Home

Awesome

Build Status

PO Box

High throughput Erlang applications often get bitten by the fact that Erlang mailboxes are unbounded and will keep accepting messages until the node runs out of memory.

In most cases, this problem can be solved by imposing a rate limit on the producers, and it is recommended to explore this idea before looking at this library.

When it is impossible to rate-limit the messages coming to a process and that your optimization efforts remain fruitless, you need to start shedding load by dropping messages.

PO Box can help by shedding the load for you, and making sure you won't run out of memory.

The Principles

PO Box is a library that implements a buffer process. Erlang processes will receive their messages locally (at home), and may become overloaded because they have to both deal with their mailbox and day-to-day tasks:

         messages
            |
            V
+-----[Pid or Name]-----+
|      |         |      |
|      | mailbox |      |
|      +---------+      |
|       |               |
|    receive            |
+-----------------------+

A PO Box process will be where you will ask for your messages to go through. The PO Box process will implement a buffer (see Types of Buffer for details) that will do nothing but churn through messages and drop them when the buffer is full for you.

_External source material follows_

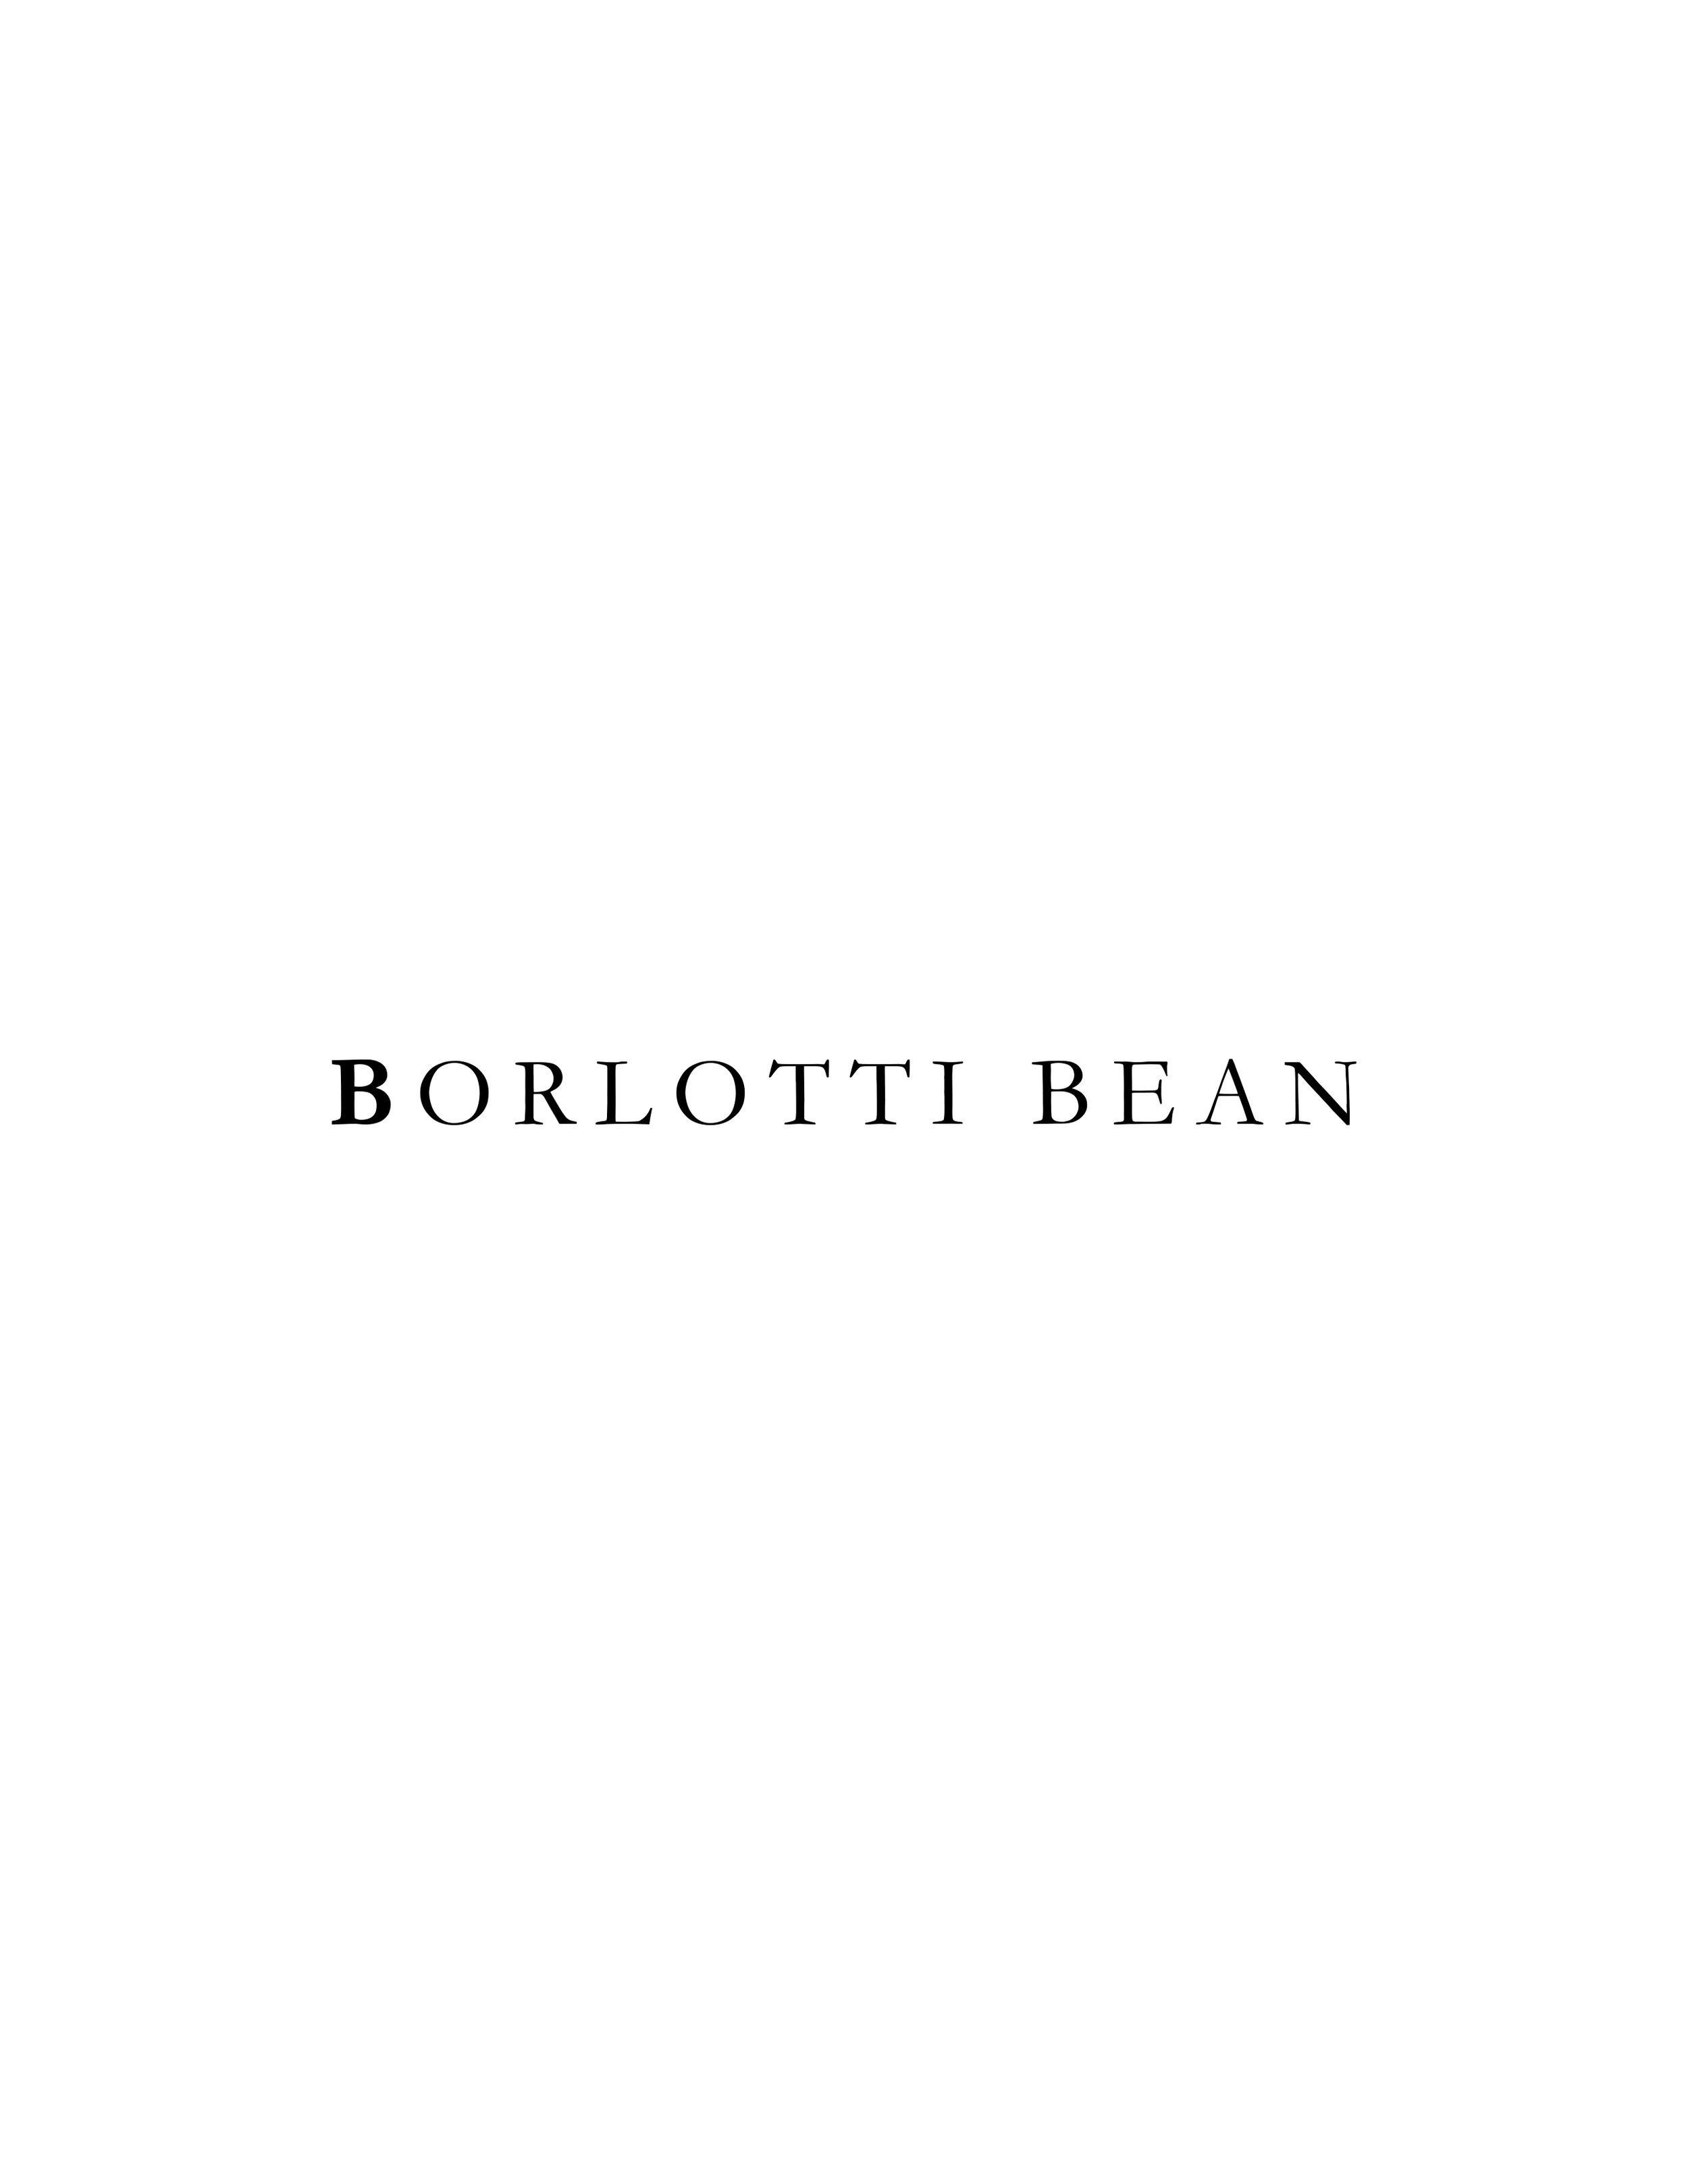 Borlotti Bean Text.jpg

Depending on how you use the API, the PO Box can tell you it received new data, so you can then ask for the data, or you can tell it to send the data to you directly, without notification:

                                                  messages
                                                     |
                                                     V
+---------[Pid]---------+                +--------[POBox]--------+
|                       |<-- got mail ---|      |         |      |
|                       |                |      | mailbox |      |
|   <important stuff>   |--- send it! -->|      +---------+      |
|                       |                |       |               |
|                       |<---<messages>--|<---buffer             |
+-----------------------+                +-----------------------+

To be more detailed, a PO Box is a state machine with an owner process (which it receives messages for), and it has 3 states:

The passive state basically does nothing but accumulate messages in the buffer and drop them when necessary.

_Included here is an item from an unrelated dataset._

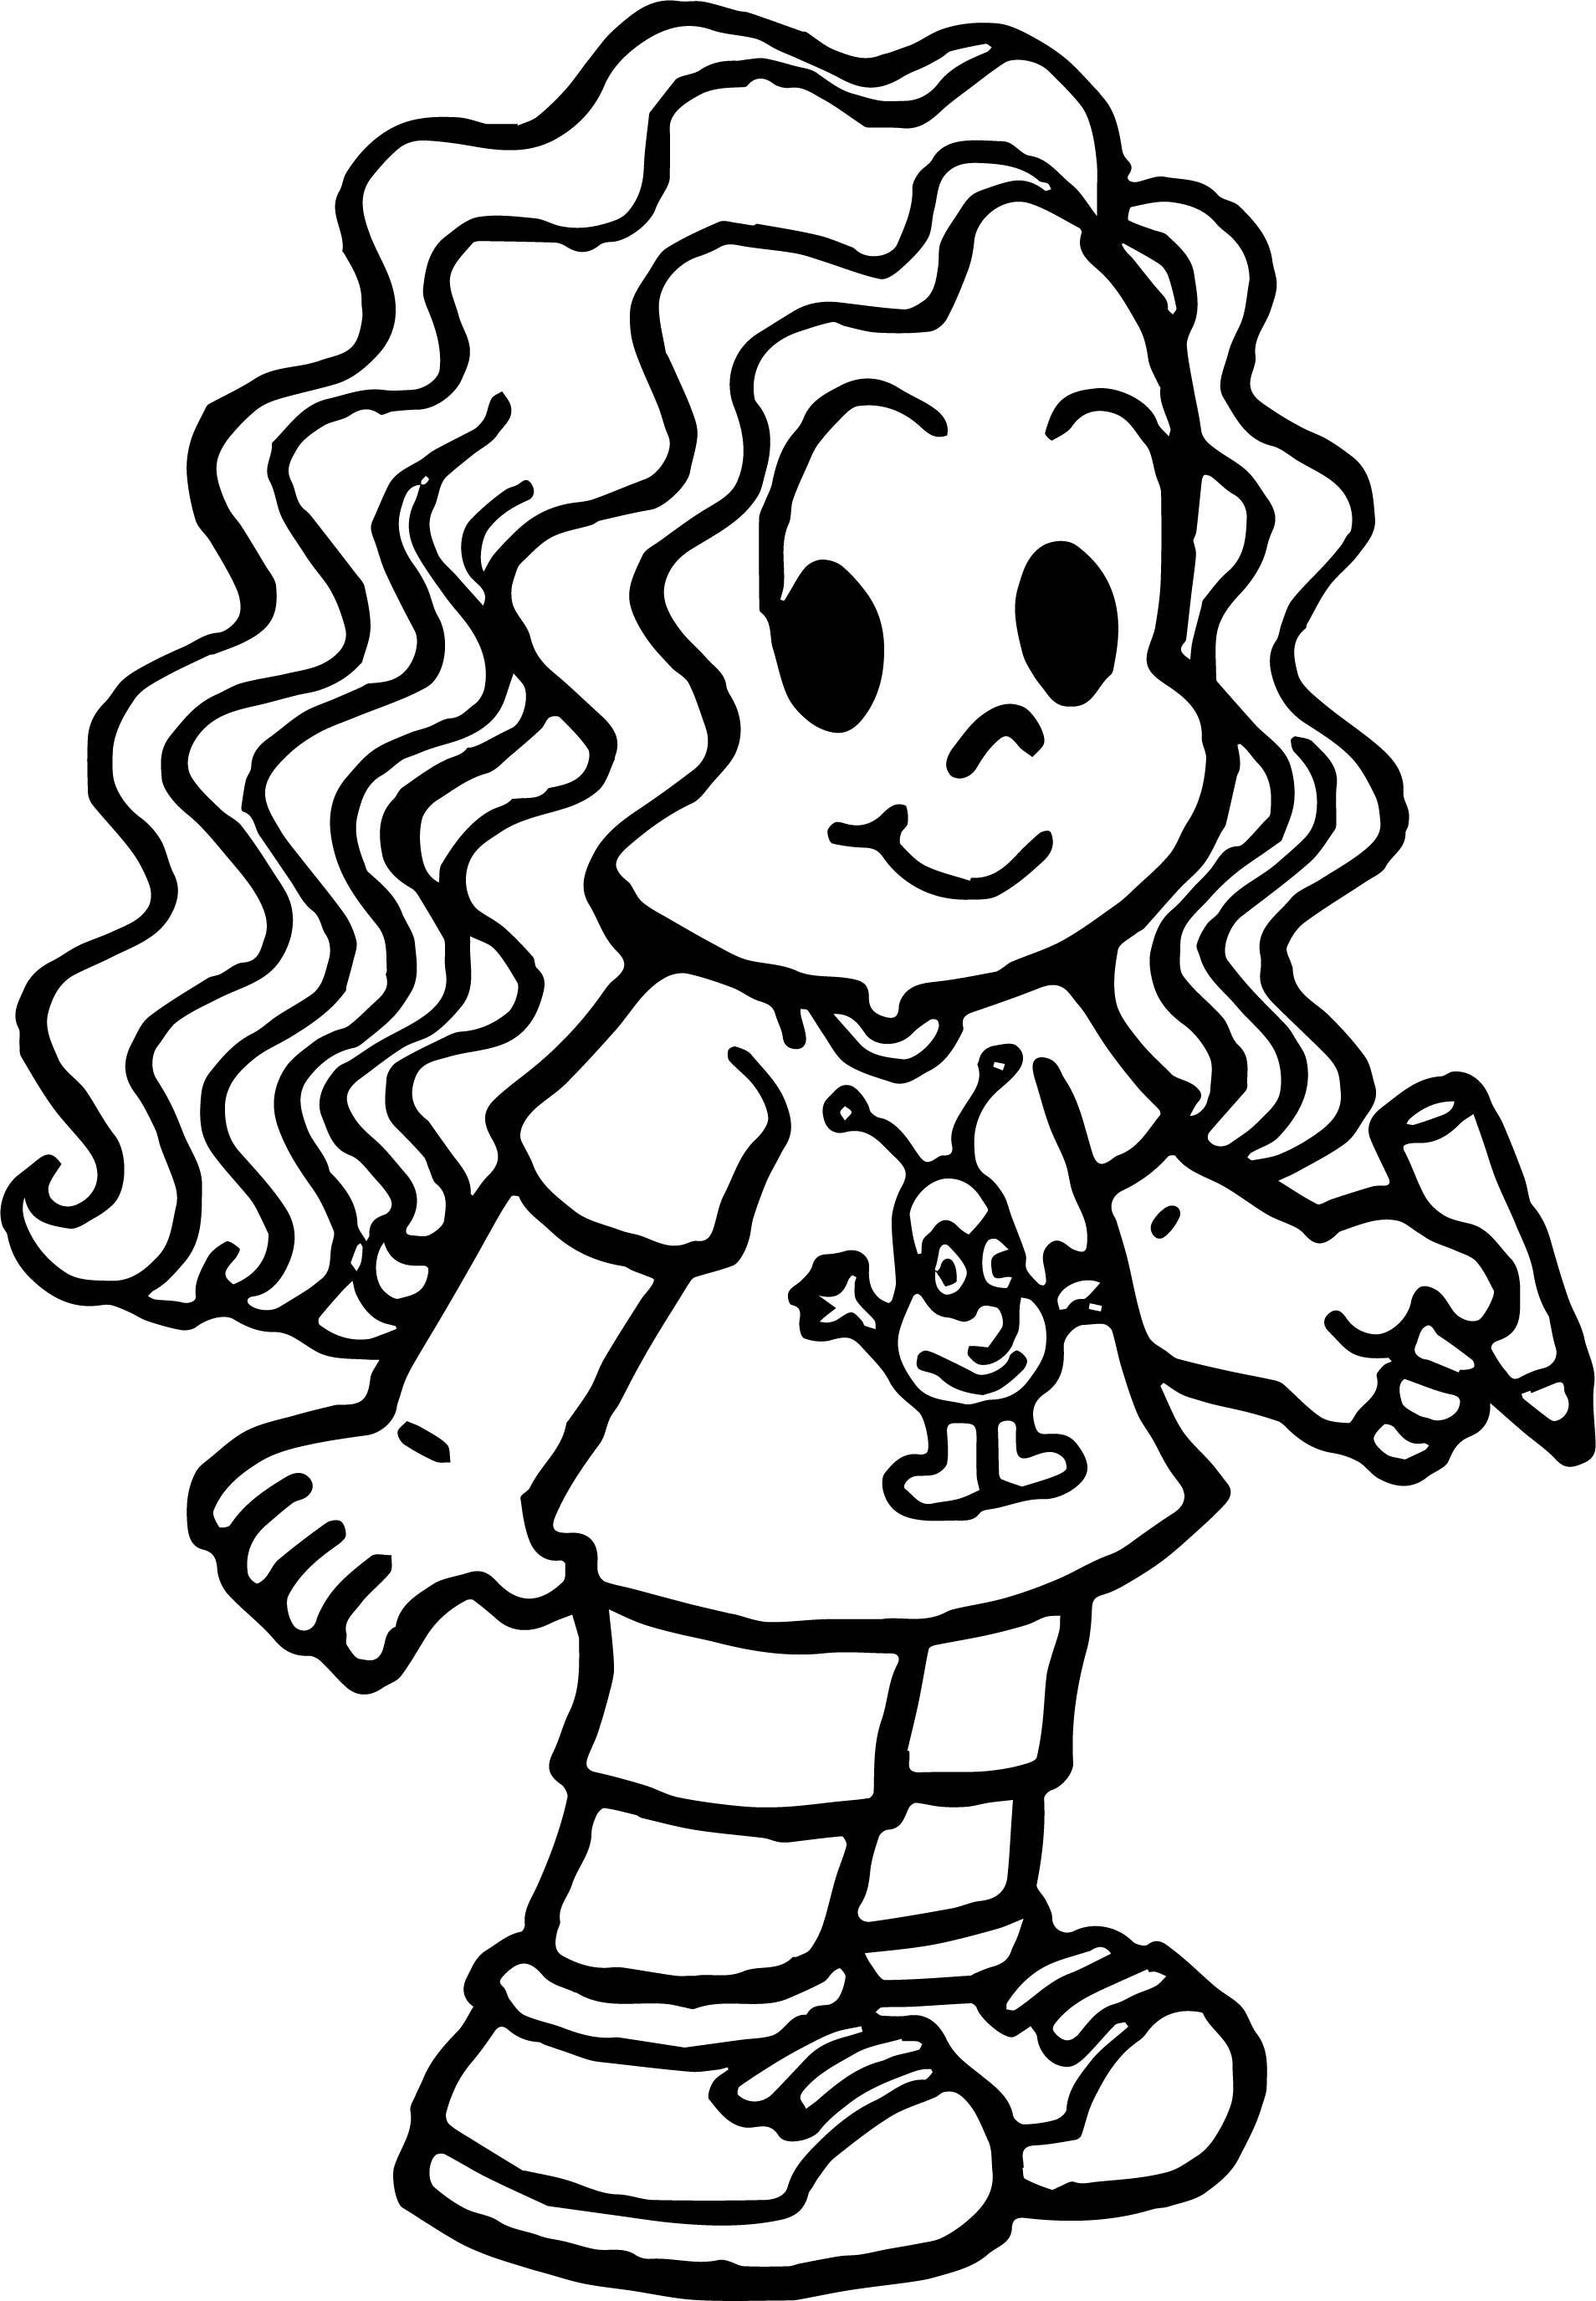 Marina Turma Da Monica Girl Coloring Page Wecoloringpage

The notify state is enabled by the user by calling the PO Box. Its sole task is to verify if there is any message in the buffer. If there is, it will respond to the PO Box's owner with a {mail, BoxPid, new_data} message sent directly to the pid. If there is no message in the buffer, the process will wait in the notify state until it gets one. As soon as the notification is sent, it reverts back to the passive state.

The active state is the only one that can send actual messages to the owner process. The user can call the PO Box to set it active, and if there are any messages in the buffer, all the messages it contains get sent as a list to the owner. If there are no messages, the PO Box waits until there is one to send it. After forwarding the messages, the PO Box reverts to the passive state.

The FSM can be illustrated as crappy ASCII as:

         ,---->[passive]------(user makes active)----->[active]
         |         | ^                                  |  ^  |
         |         | '---(sends message to user)--<-----'  |  |
         |  (user makes notify)                            |  |
         |         |                                       |  |
(user is notified) |                                       |  |
         |         V                                       |  |
         '-----[notify]---------(user makes active)--------'  |
                     ^----------(user makes notify)<----------'

Types of buffer

Currently, there are three types of built-in buffers supported: queues and stacks, and keep_old queues. You can also provide your own buffer implementation using the pobox_buf behaviour. See samples/pobox_queue_buf.erl for an example implementation.

Queues will keep messages in order, and drop oldest messages to make place for new ones. If you have a buffer of size 3 and receive messages a, b, c, d, e in that order, the buffer will contain messages [c,d,e].

keep_old queues will keep messages in order, but block newer messages from entering, favoring keeping old messages instead. If you have a buffer of size 3 and receive messages a, b, c, d, e in that order, the buffer will contain messages [a,b,c].

Stacks will not guarantee any message ordering, and will drop the top of the stack to make place for the new messages first. for the same messages, the stack buffer should contain the messages [e,b,a].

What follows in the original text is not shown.